#### Task statement
Once the line holding "Bushnell Sentry 12-36X50mm" is found in the entries below, transcribe exactly every line up to and including the one holding "2020 Diaries Have", but leave out the pictures.

#### Records to process
--- START ---
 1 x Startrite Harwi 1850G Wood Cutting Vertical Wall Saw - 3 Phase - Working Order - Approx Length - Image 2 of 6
--- END ---
--- START ---
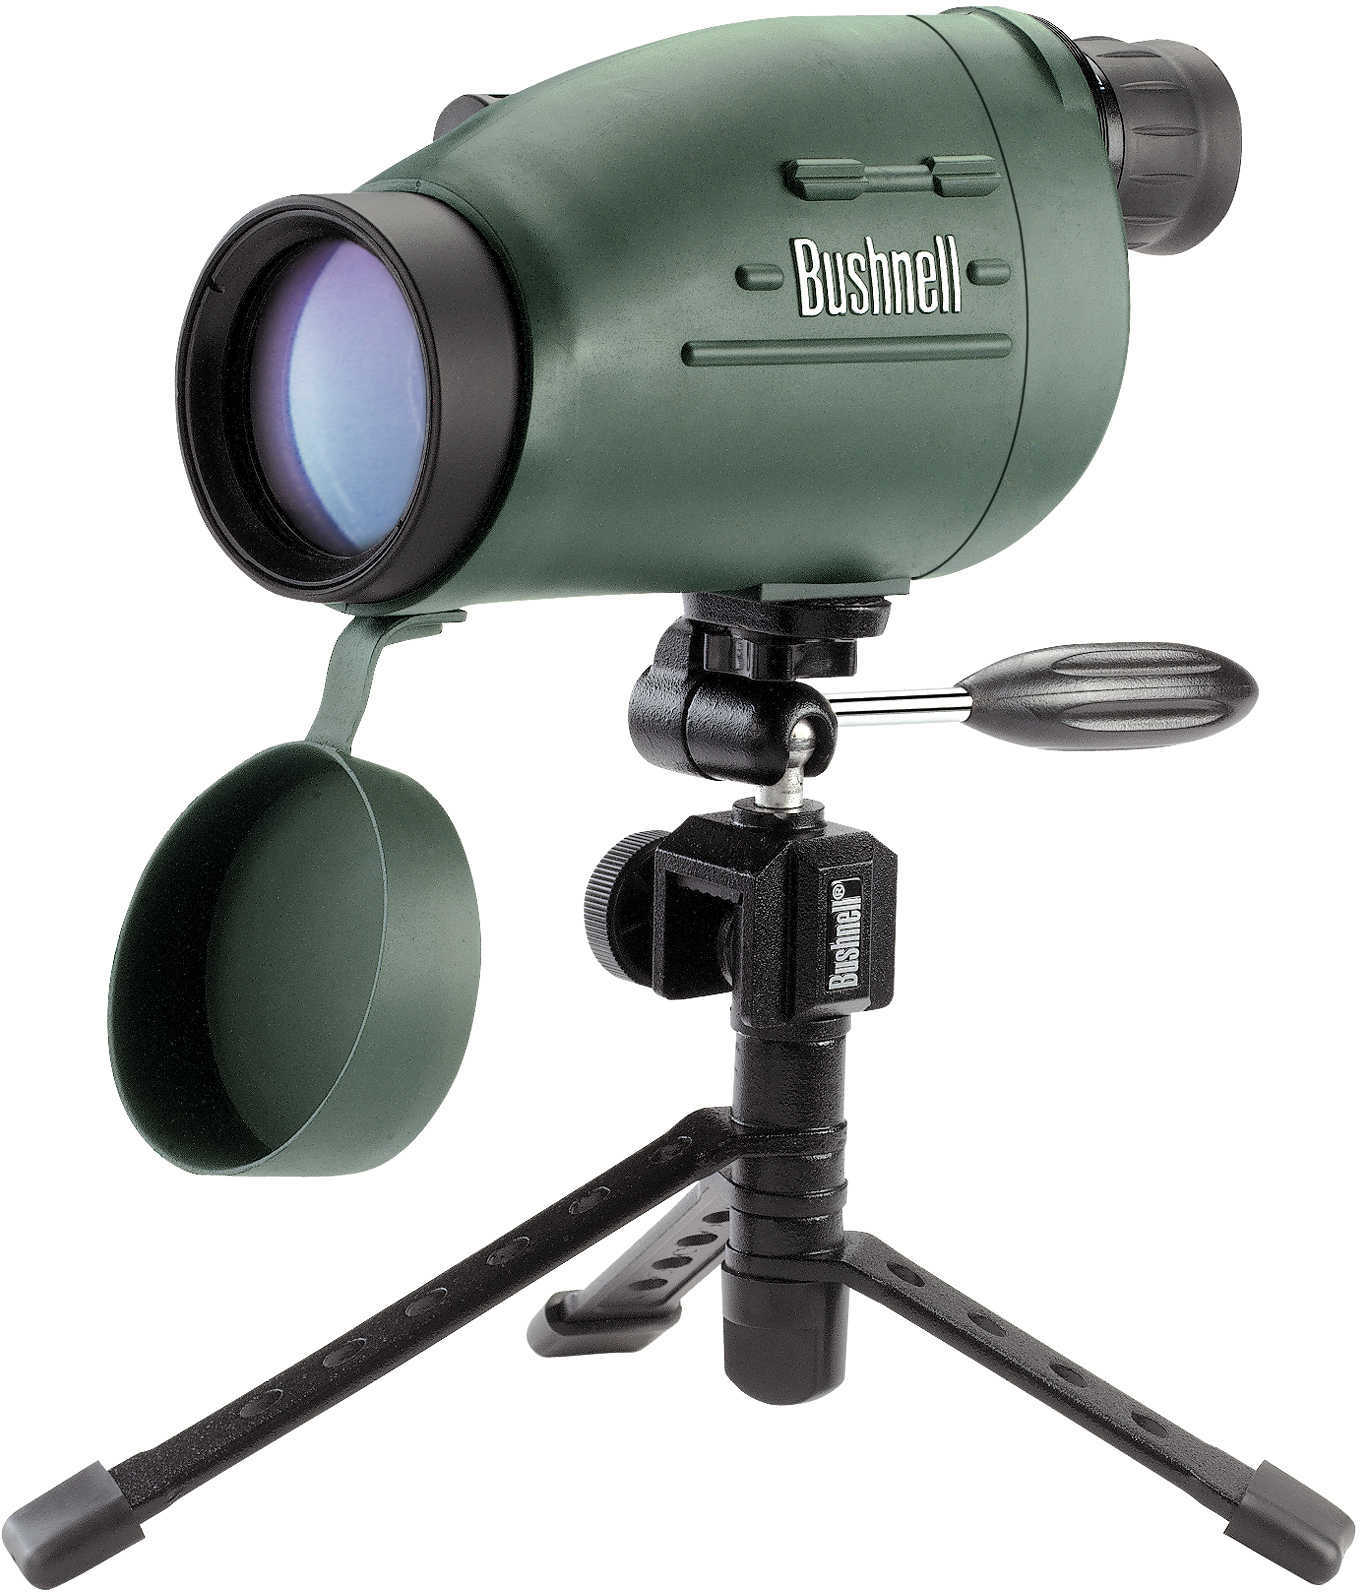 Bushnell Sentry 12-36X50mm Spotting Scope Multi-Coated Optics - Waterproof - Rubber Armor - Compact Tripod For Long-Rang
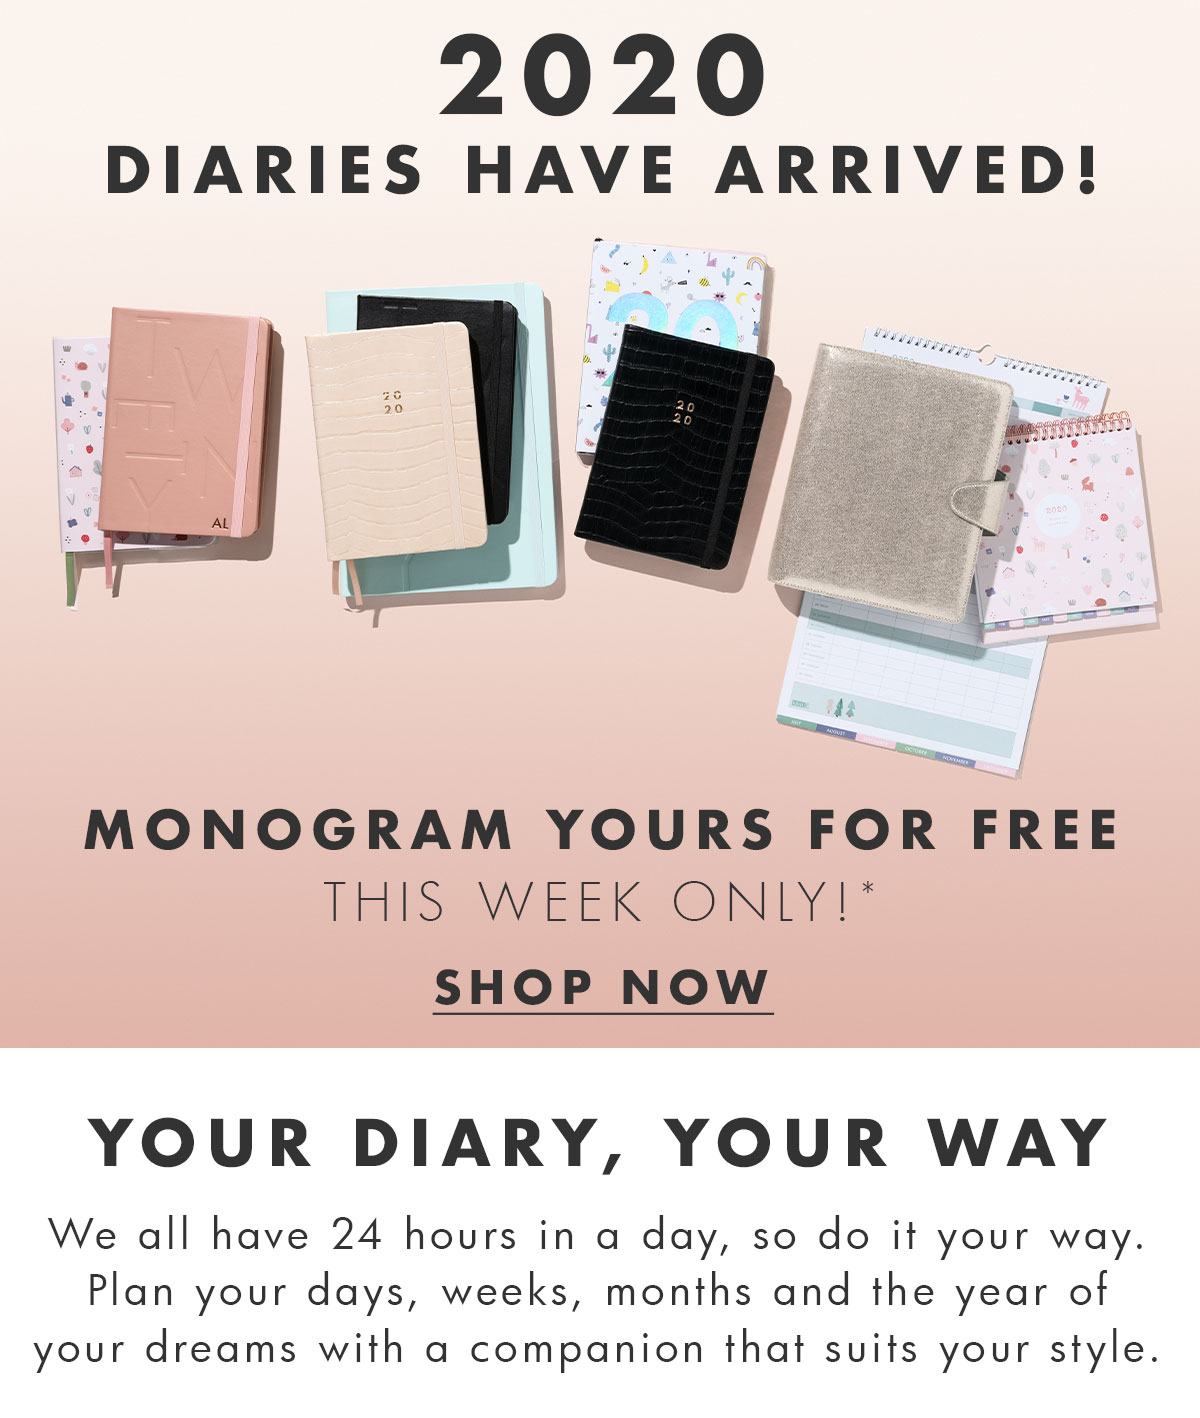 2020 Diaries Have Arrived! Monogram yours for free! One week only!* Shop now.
--- END ---
#### Result below
 Bushnell Sentry 12-36X50mm Spotting Scope Multi-Coated Optics - Waterproof - Rubber Armor - Compact Tripod For Long-Rang
 2020 Diaries Have Arrived! Monogram yours for free! One week only!* Shop now.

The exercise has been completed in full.